The Federal Trade Commission (FTC) and Department of Justice (DOJ) Antitrust Division have officially shipped personnel to Brussels to provide assistance to the European Union in implementing the Digital Markets Act (DMA). This marks the beginning of formal collusion between the FTC/DOJ and European bureaucrats to undermine American companies via antitrust law.
This announcement comes as the antitrust agencies demand historic budget increases for additional staff. FTC Chair Lina Khan is currently asking Congress for $590 million in funding for FY 2024, a 37% increase of $160 million. President Biden has similarly requested an “historic increase” of $100 million for the Department of Justice (DOJ) Antitrust Division.
Both Khan and DOJ Antitrust AAG Jonathan Kanter have lamented that their respective agencies suffer from staffing shortages and insufficient resources. Yet, they have the capacity to send personnel to Europe to assist with DMA implementation. Both things cannot be true at the same time. It is also unclear why staff need to physically travel to Europe given that Lina Khan works remotely full-time from New York City.
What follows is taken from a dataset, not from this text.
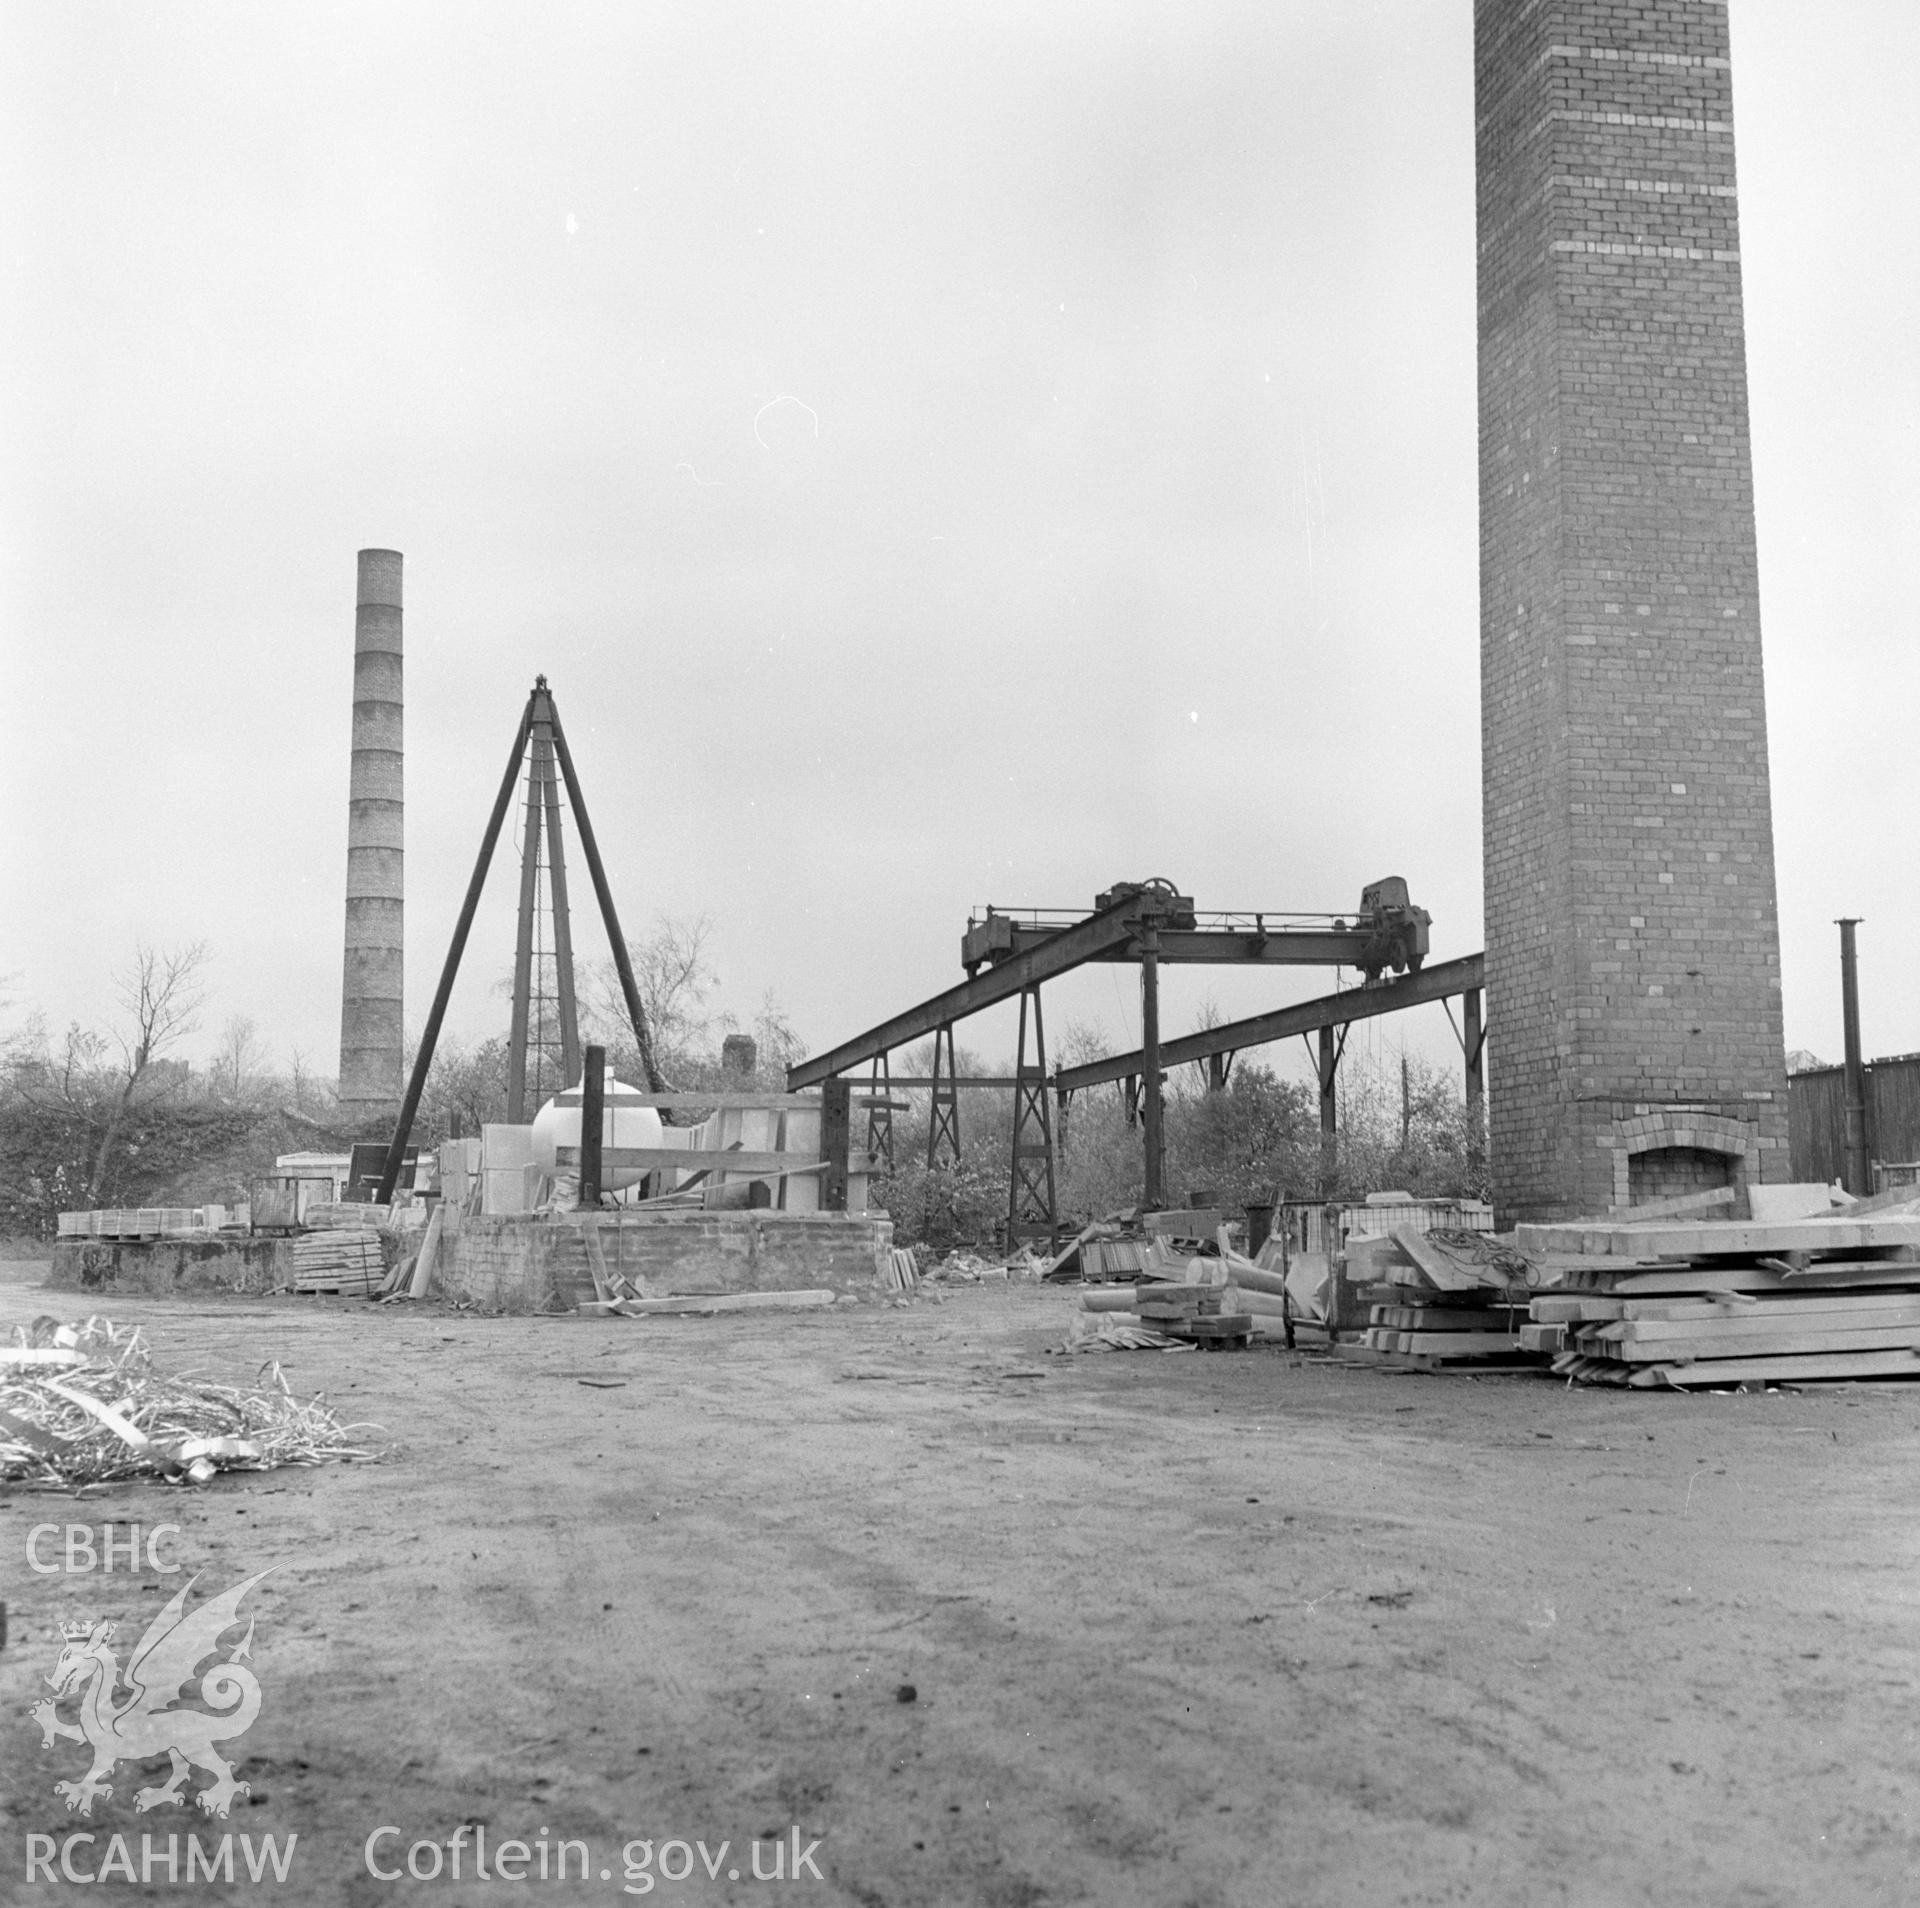 Digital copy of a black and white negative showing exterior view of the building housing the crane at Player's Works Foundry, Clydach, taken by RCAHMW, undated.
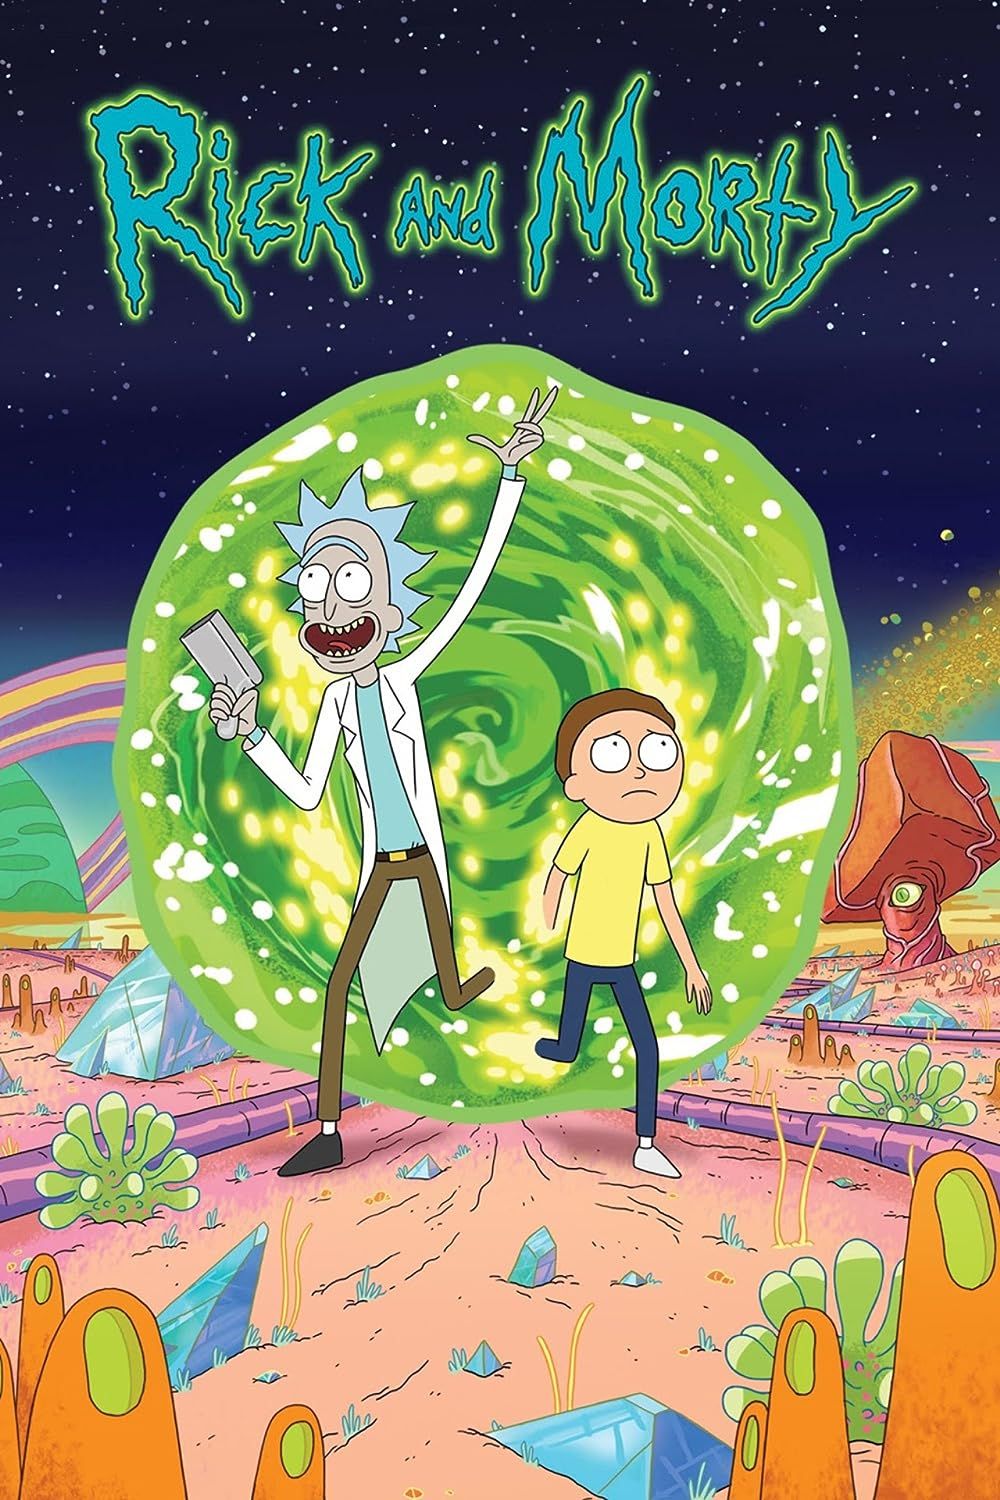 Rick and Morty Season 1 (2013) English Complete Series download full movie

In reality, these taxpayer-funded trips to Europe will enable Khan’s staff to help undermine American businesses through foreign laws that unfairly discriminate against American companies. This will ultimately leave American consumers holding the bag. A CSIS study found that Digital Markets Act (DMA) and the Digital Services Act (DSA) “conservatively entail some $22 billion to $50 billion in new compliance and operational costs to U.S. digital services providers and force them to forego critical business opportunities, such as being able to leverage proprietary data to develop new goods and services or even to offer European firms bundled services.” The study also noted that “if U.S. digital services raised their costs on U.S. companies by just 5 percent due to EU regulation, U.S. companies could incur over $97 billion in new costs.”
These bills clearly discriminate against American businesses compared to their foreign counterparts. Such concerns have led to Senate Finance Committee Chair Ron Wyden (D-Ore.) and Ranking Member Mike Crapo (R-Idaho) sending a rare bipartisan letter to President Biden opposing these bills. Thus, our antitrust agencies are actively using their limited resources to help implement foreign laws that will cost American businesses and consumers more money, while having the audacity to ask for more money in taxpayer dollars to fund more of their wasteful activities.
Instead of rewarding the FTC and DOJ with more taxpayer dollars, Congress should ban them from spending resources on sending staff to Europe to implement laws that unfairly target American businesses and consumers.